PortalPlayer, Inc.
- Industry: Semiconductors
- Founded: 1999; 27 years ago
- Defunct: 2007
- Fate: Acquired by Nvidia
- Headquarters: United States
- Area served: Worldwide
- Products: SoCs

= PortalPlayer =

American semiconductor company

PortalPlayer, Inc., founded in 1999, was a fabless semiconductor company that supplied system-on-a-chip semiconductors, firmware and software for personal media players. The company handled semiconductor design and firmware development, while subcontracting the actual semiconductor manufacturing to merchant foundries.

It gained recognition as the company with which Apple contracted for the development of the original iPod. The company went public with an IPO in November 2004 and traded on the NASDAQ under ticker symbol PLAY. Sales to Apple grew to 90% of the company's gross revenue, which ultimately hurt the company when Apple switched media processor chip vendors in its iPod lines.

On January 5, 2007, Nvidia Corporation announced that it had acquired PortalPlayer, Inc. for about $357 million.

==Products==

===PortalPlayer 5002===
Dual ARM7TDMI cores with shared SRAM (3x 32KB banks). Errata in memory controller leads to halved data cache performance but fast SRAM. As the ARM7TDMI does not support cache coherency, individual ARM7TDMI cores do not have coherent views of DRAM. Custom logic is used to introduce coherency into the SRAM.

Used by the following devices:
- iPod: Generations 1, 2 and 3

===PortalPlayer 5003===
System-on-a-chip containing two ARM7 CPU cores, each running at up to 90 MHz. Fixes 5002 cache bug greatly improving performance of DRAM.

Used by the following devices:
- Rio Karma

===PortalPlayer 5020===

System-on-a-chip containing two ARM CPU cores, each running at 75 MHz. Expanded SRAM to 4 banks (128KB) using a crossbar style switch.

Used by the following devices:
- iPod: Generation 4, iPod Photo, and first generation iPod Mini
- Philips HDD100/120 (Unconfirmed)
- Tatung Elio M310 (system/pp5020.mi4 contains the string "PP5020AF-05.11-TG01-11.40-TG01-11.40-DT" and "Copyright(c) 1999 - 2003 PortalPlayer, Inc.")
- Virgin player 5GB
- MSI Megaplayer 540, has firmware system/pp5020.mi4 including "PP5020AF..." string, in Germany it has been sold as Medion MD81034 by ALDI
- iriver H10, all variations, including the 5GB, 6GB, and 20GB models
- Edirol R-1 (Unconfirmed rumor on what chip but unit displays "Powered by PortalPlay Inc. 1999-2004"
- M-AUDIO Microtrack ver.1 " string pp5020d-tf"
- Olympus m:robe MR-100

===PortalPlayer 5021C-TDF===

Used by the following devices:
- iPod: First generation iPod Nano and fifth generation iPod with video

===PortalPlayer 5022===
SRAM is no longer partitioned into fast and slower banks; all have uniform access speed.

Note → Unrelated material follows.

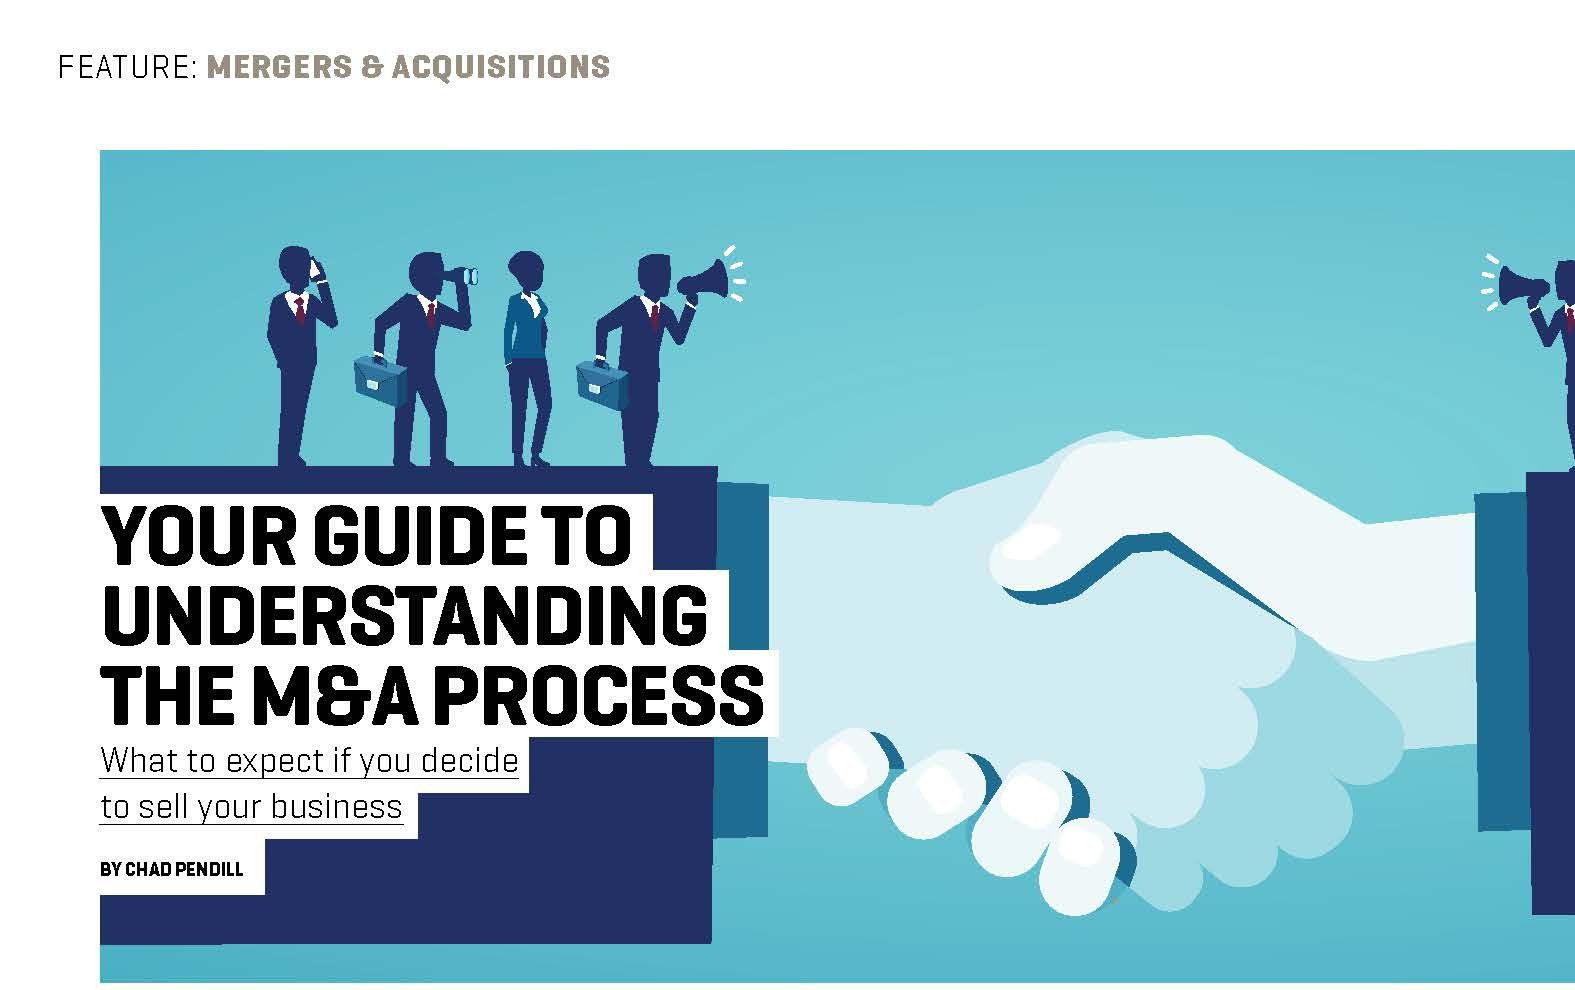 YOUR GUIDE TO UNDERSTANDING THE M&A PROCESS

Used by the following devices:
- iPod: Second generation iPod Mini
- Philips: GoGear HDD1630/HDD6320/HDD6330 > PP 5022 + codec Wolfson WM8731L

===PortalPlayer 5024===

PP5022 with integrated Austria Microsystems AS3514 DAC and power management chip.

Used by the following devices:
- Sandisk Sansa e200 series
- Philips GoGear SA9200

===PortalPlayer APX===

PortalPlayer's application processor series.